- **What needs to be done**
Write the listing out again exactly as it stands, with no images.

- **Data**
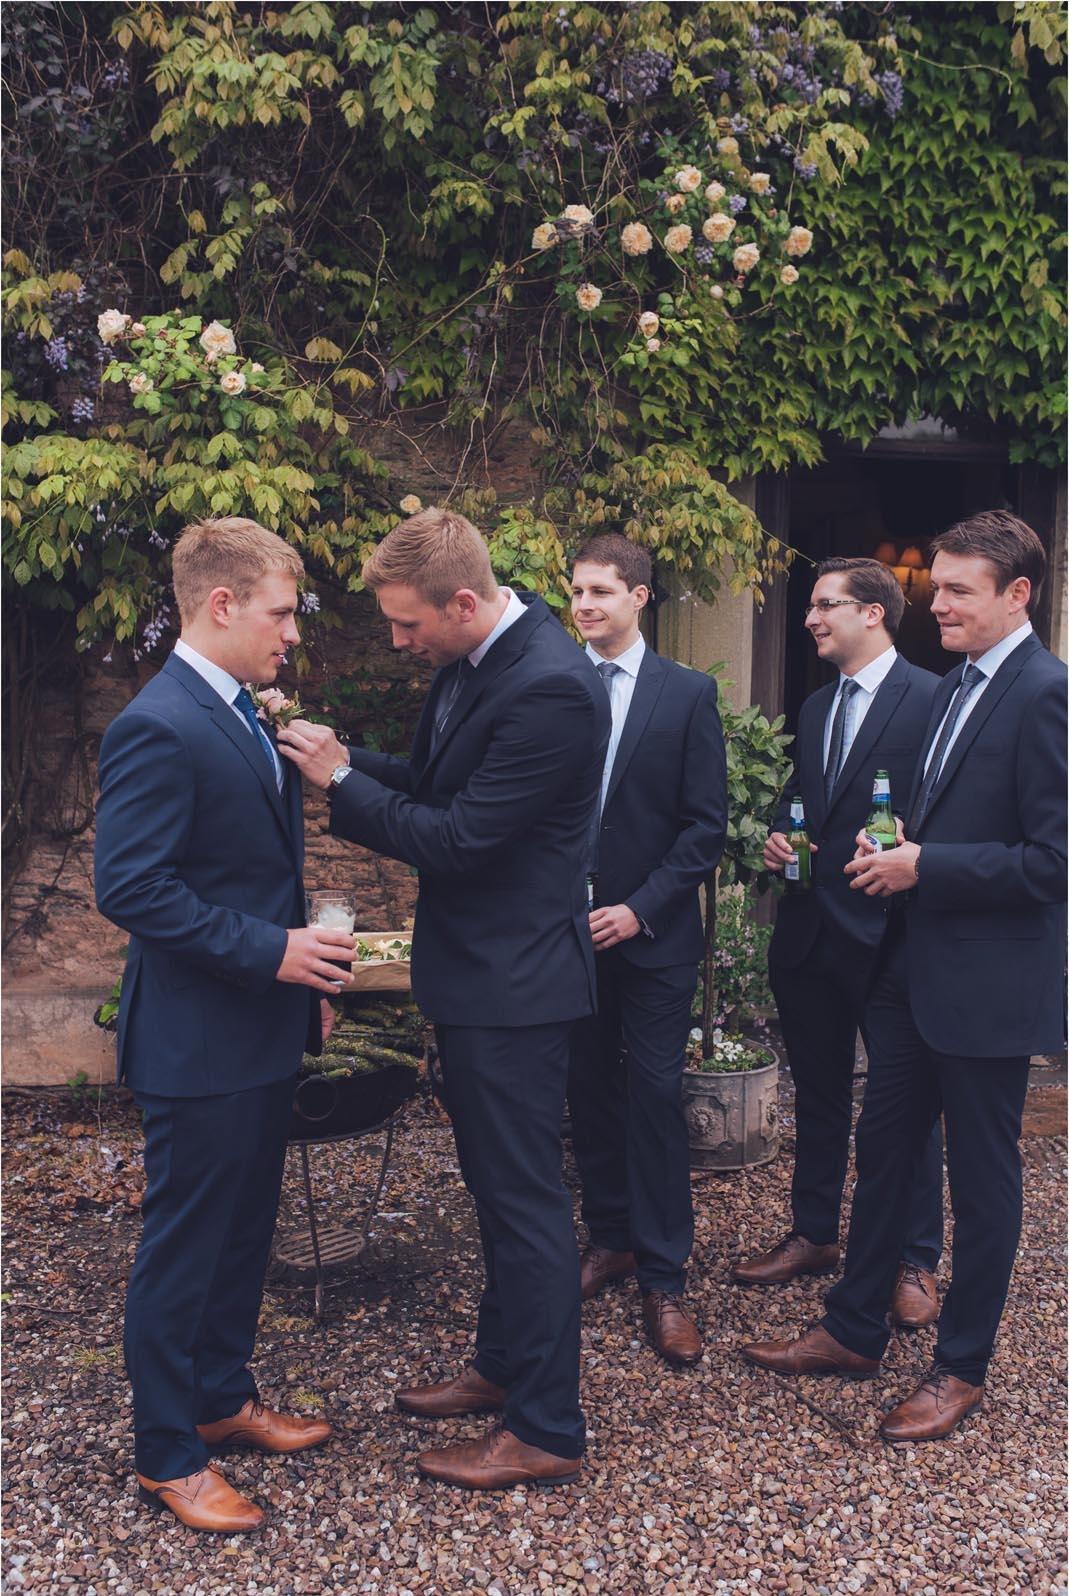 Simon biffen wedding photography 0030
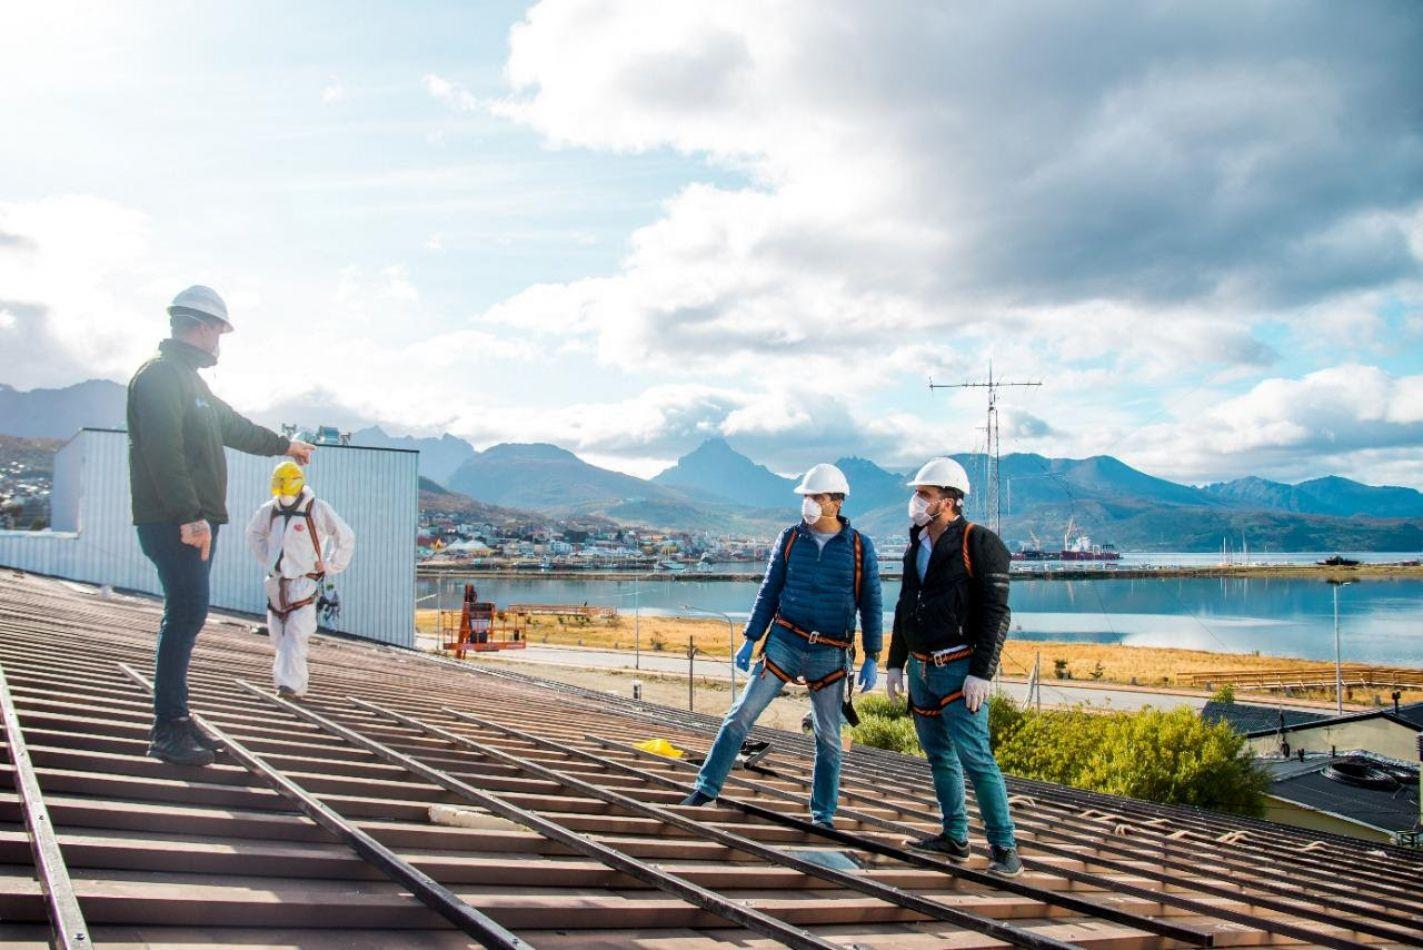 l intendente de Ushuaia Walter Vuoto recorrió las obras que se realizan en el Albergue Municipal.
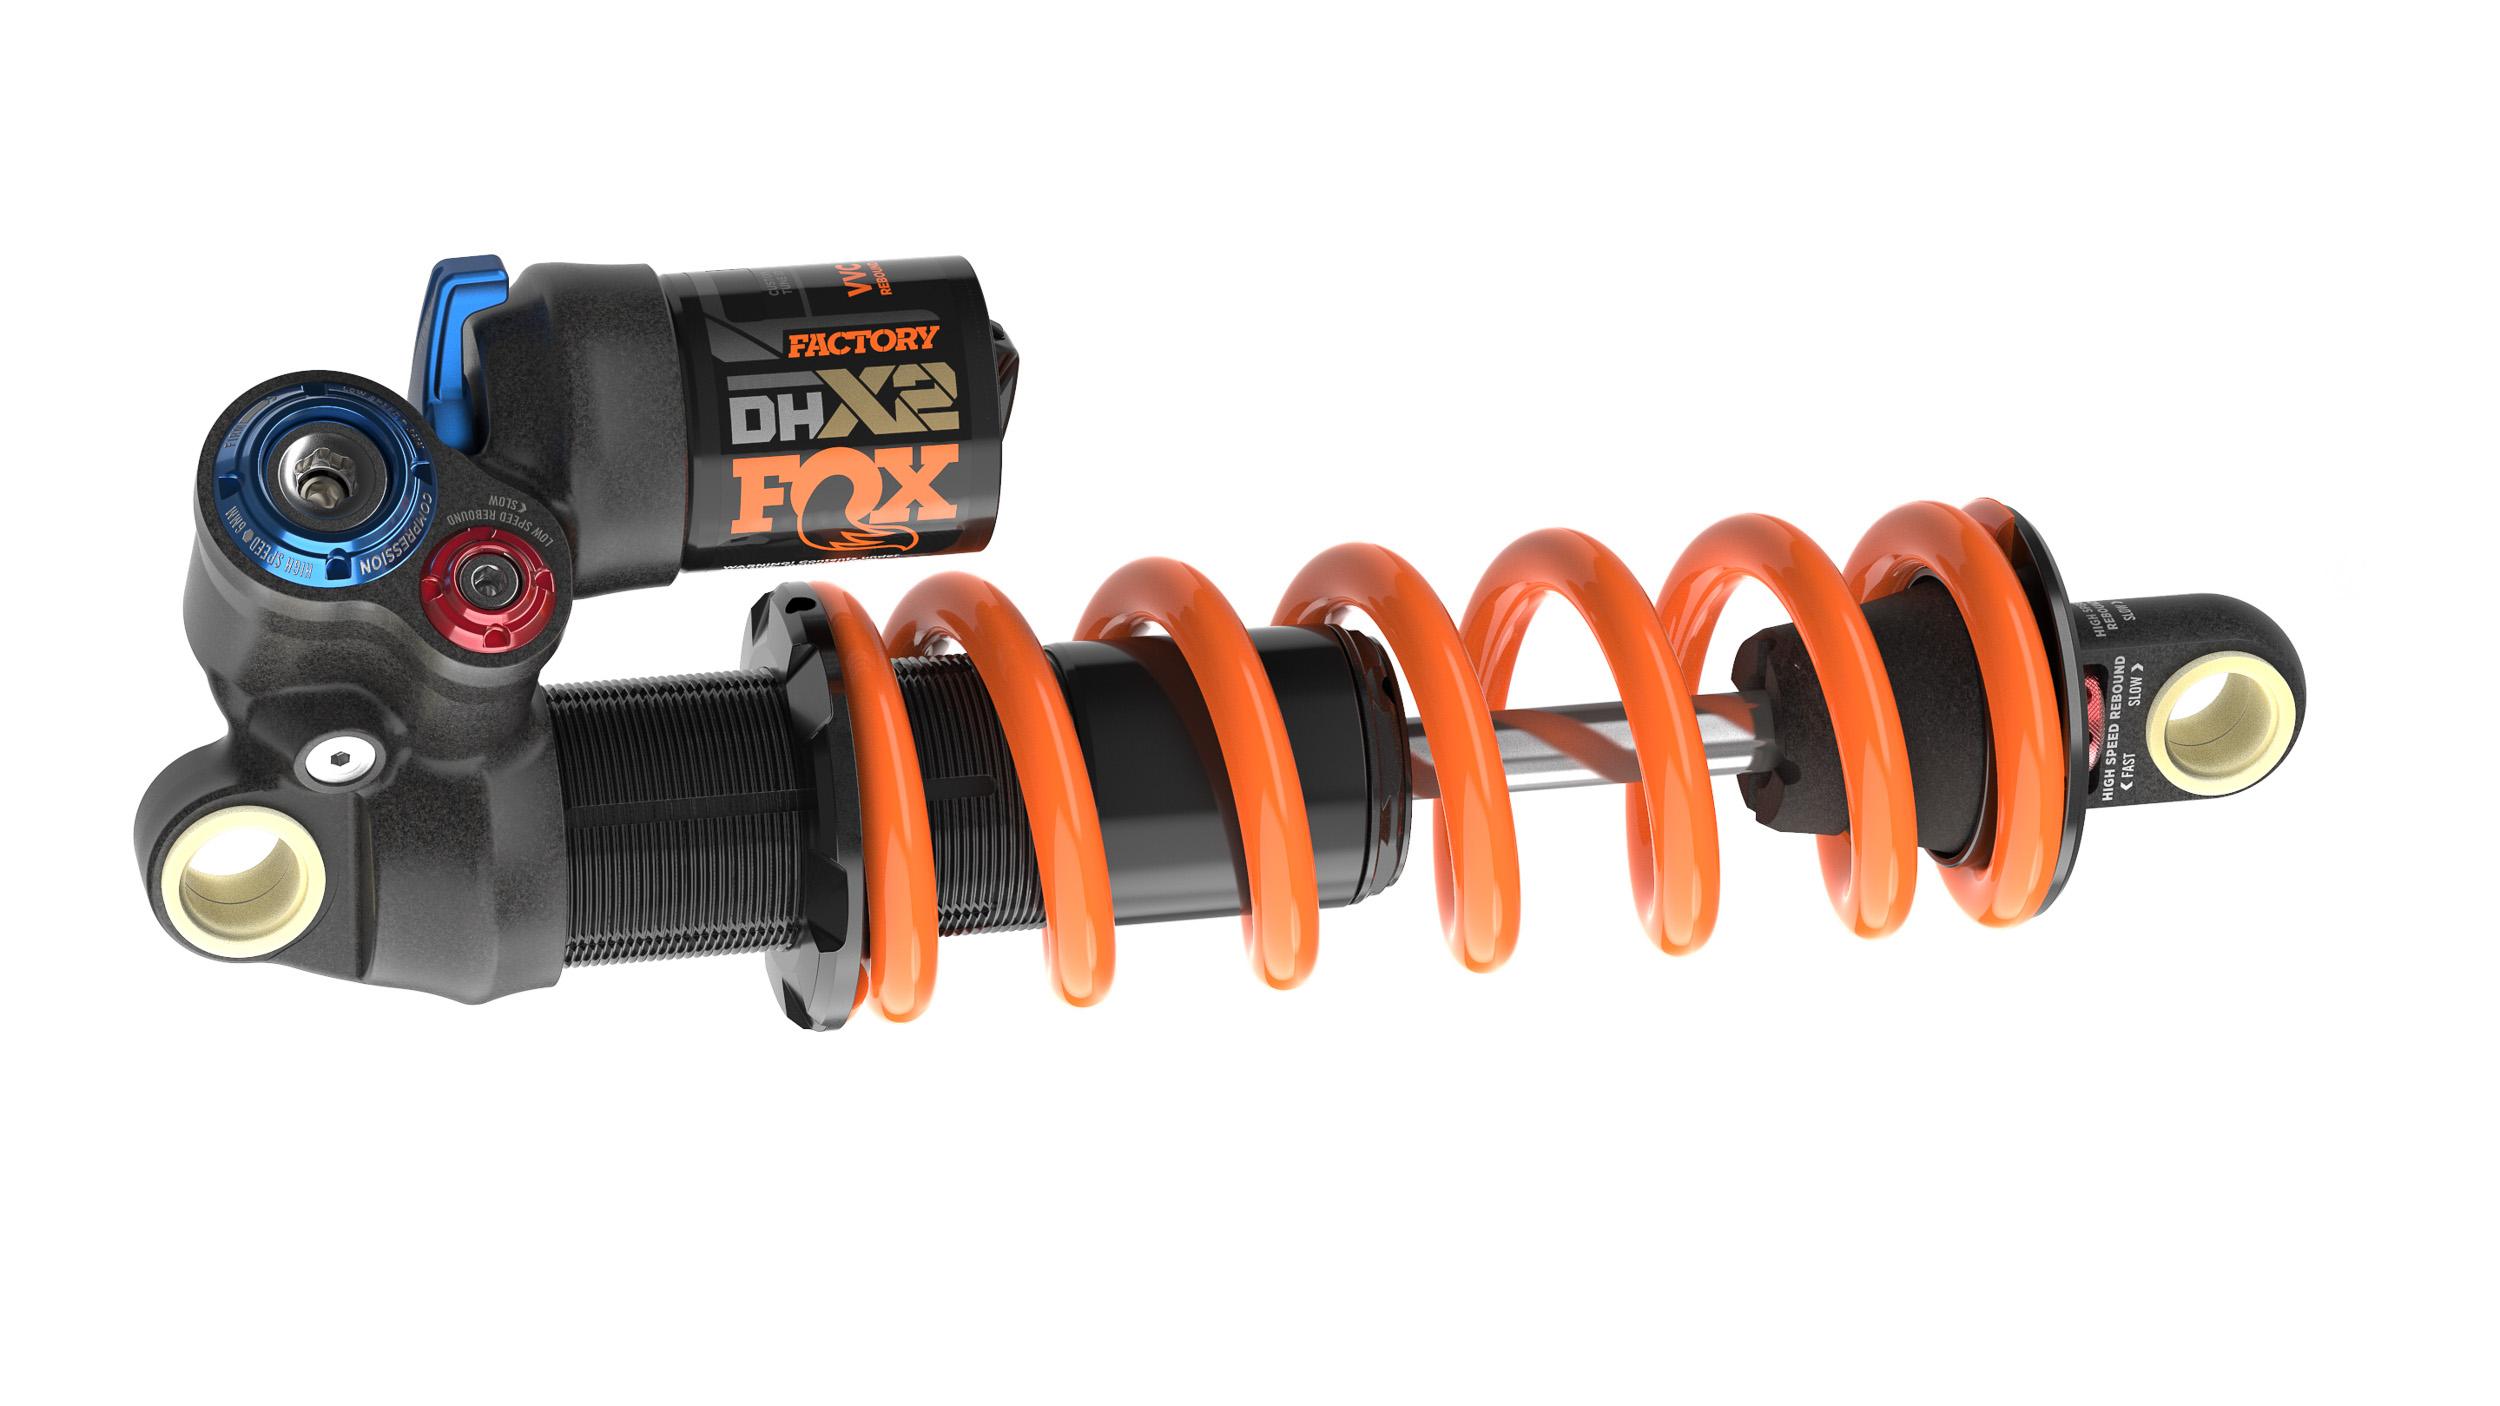 dhx2-factory-lever-standard-hero-3qtr.jp

- **Exercise answer**
 Simon biffen wedding photography 0030
 l intendente de Ushuaia Walter Vuoto recorrió las obras que se realizan en el Albergue Municipal.
 dhx2-factory-lever-standard-hero-3qtr.jp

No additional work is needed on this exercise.